Arthur River greenhood
- Conservation status: Endangered (EPBC Act)

Scientific classification
- Kingdom: Plantae
- Clade: Tracheophytes
- Clade: Angiosperms
- Clade: Monocots
- Order: Asparagales
- Family: Orchidaceae
- Subfamily: Orchidoideae
- Tribe: Cranichideae
- Genus: Pterostylis
- Species: P. rubenachii
- Binomial name: Pterostylis rubenachii D.L.Jones
- Synonyms: Oligochaetochilus rubenachii (D.L.Jones) Szlach.; Hymenochilus rubenachii (D.L.Jones) D.L.Jones & M.A.Clem.;

= Pterostylis rubenachii =

- Genus: Pterostylis
- Species: rubenachii
- Authority: D.L.Jones
- Conservation status: EN
- Synonyms: Oligochaetochilus rubenachii (D.L.Jones) Szlach., Hymenochilus rubenachii (D.L.Jones) D.L.Jones & M.A.Clem.

Species of orchid

Pterostylis rubenachii, commonly known as the Arthur River greenhood, is a plant in the orchid family Orchidaceae and is endemic to Tasmania. Both flowering and non-flowering plants have a rosette of leaves lying flat on the ground and flowering plants have up to seven crowded, transparent green flowers with darker green stripes.

==Description==
Pterostylis rubenachii, is a terrestrial, perennial, deciduous, herb with an underground tuber. It has a rosette of between four and six, elliptic to egg-shaped leaves, each leaf 15-20 mm long and 6-10 mm wide, lying flat on the ground. Between two and seven transparent green flowers with darker green stripes are crowded together on a flowering spike 30-80 mm high with two or three stem leaves with their bases wrapped around it. The flowers are 8-9 mm long and about 5 mm wide. The dorsal sepal and petals are joined to form a hood called the "galea" over the column. The dorsal sepal is gently curved but suddenly curves downward near the tip and is about the same length as the petals. The lateral sepals turn downwards and are about 6 mm long, 5 mm wide and fused together forming a cup with tips about 1 mm long. The labellum is about 3 mm long, 2 mm wide and whitish-green with a dark green, appendage. Flowering occurs in October and November.

==Taxonomy and naming==
Pterostylis rubenachii was first formally described in 1998 by David Jones from a specimen collected in 1837 and the description was published in Australian Orchid Research. The specific epithet (rubenachii) honours Les Rubenach who is one of the few people to have found this species.
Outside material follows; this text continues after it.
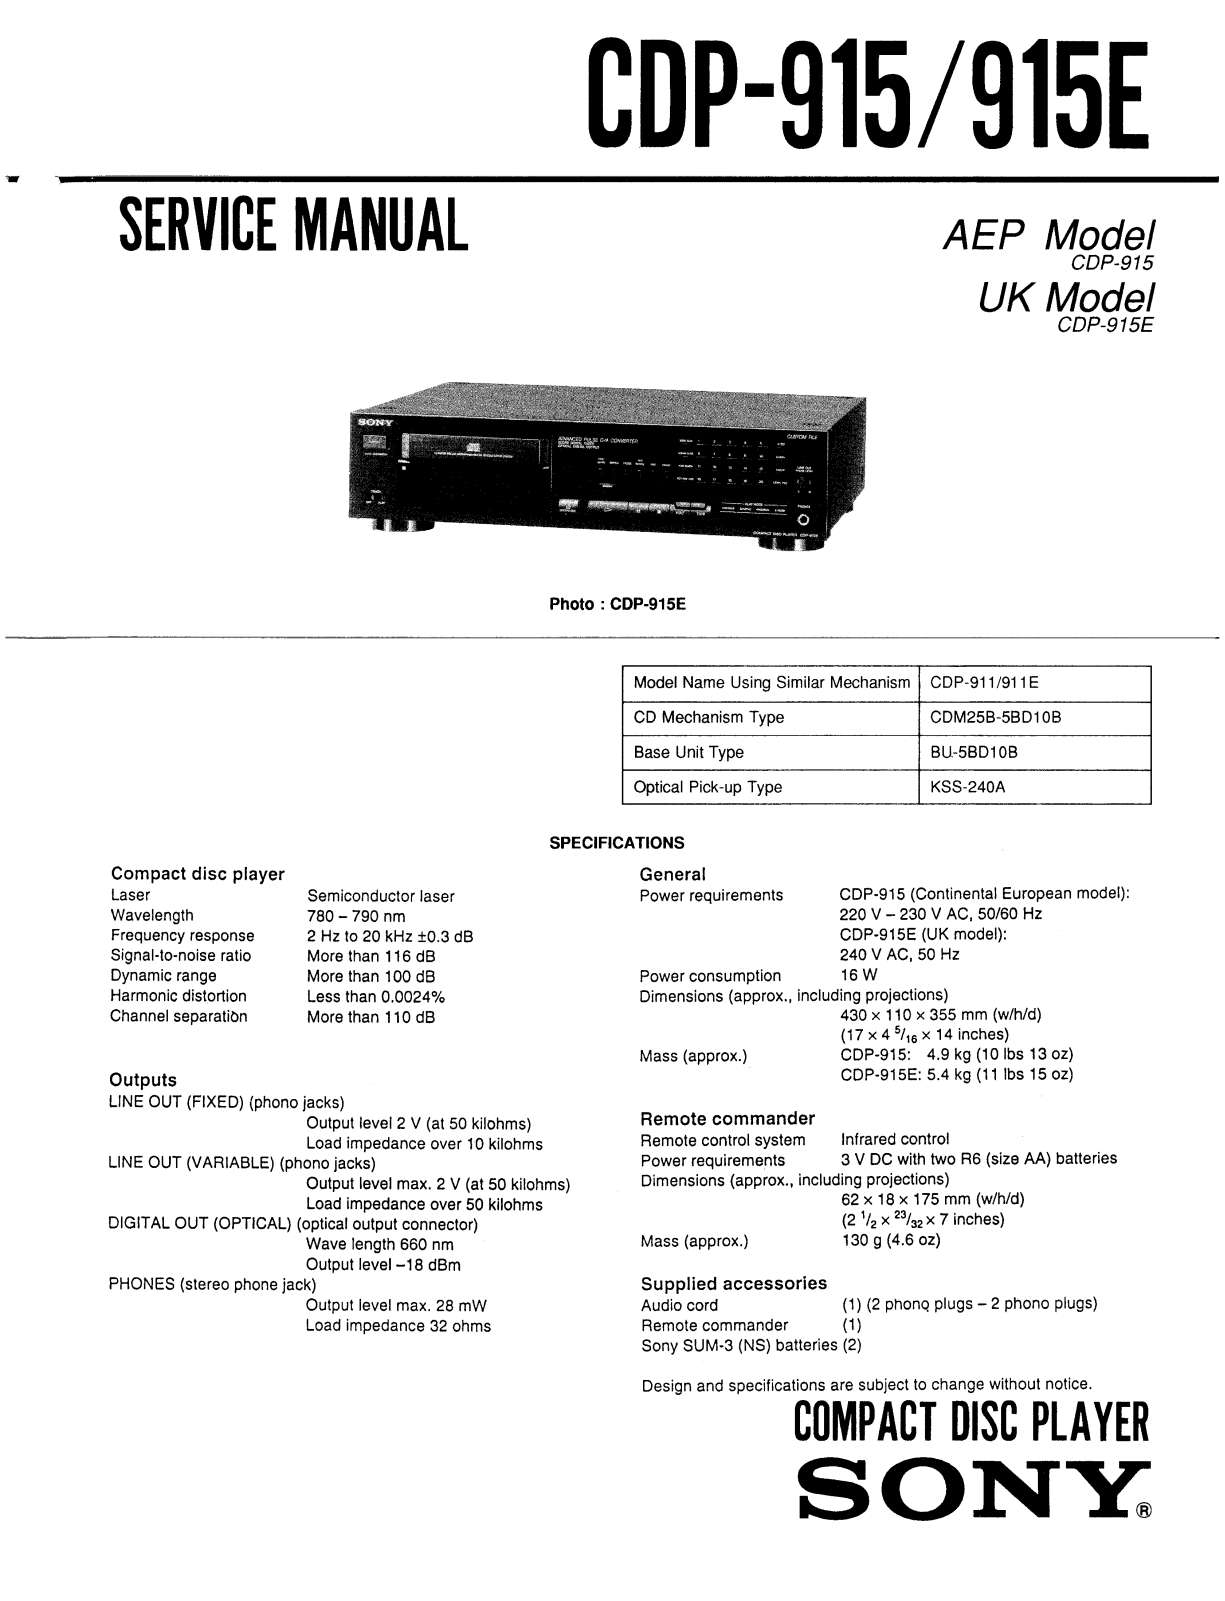 SONY CDP-915-E Service Manual

==Distribution and habitat==
The Arthur River greenhood grows in moist heath at altitudes of 10-30 m in the Arthur River area.

==Conservation==
Pterostylis rubenachii is listed as "endangered" under the Australian Government Environment Protection and Biodiversity Conservation Act 1999 and the Tasmanian Government Threatened Species Protection Act 1995. Only about 800 plants of this species survive, mostly in the Arthur-Pieman Conservation Area. It is threatened by weed invasion, cattle grazing and off-road vehicles.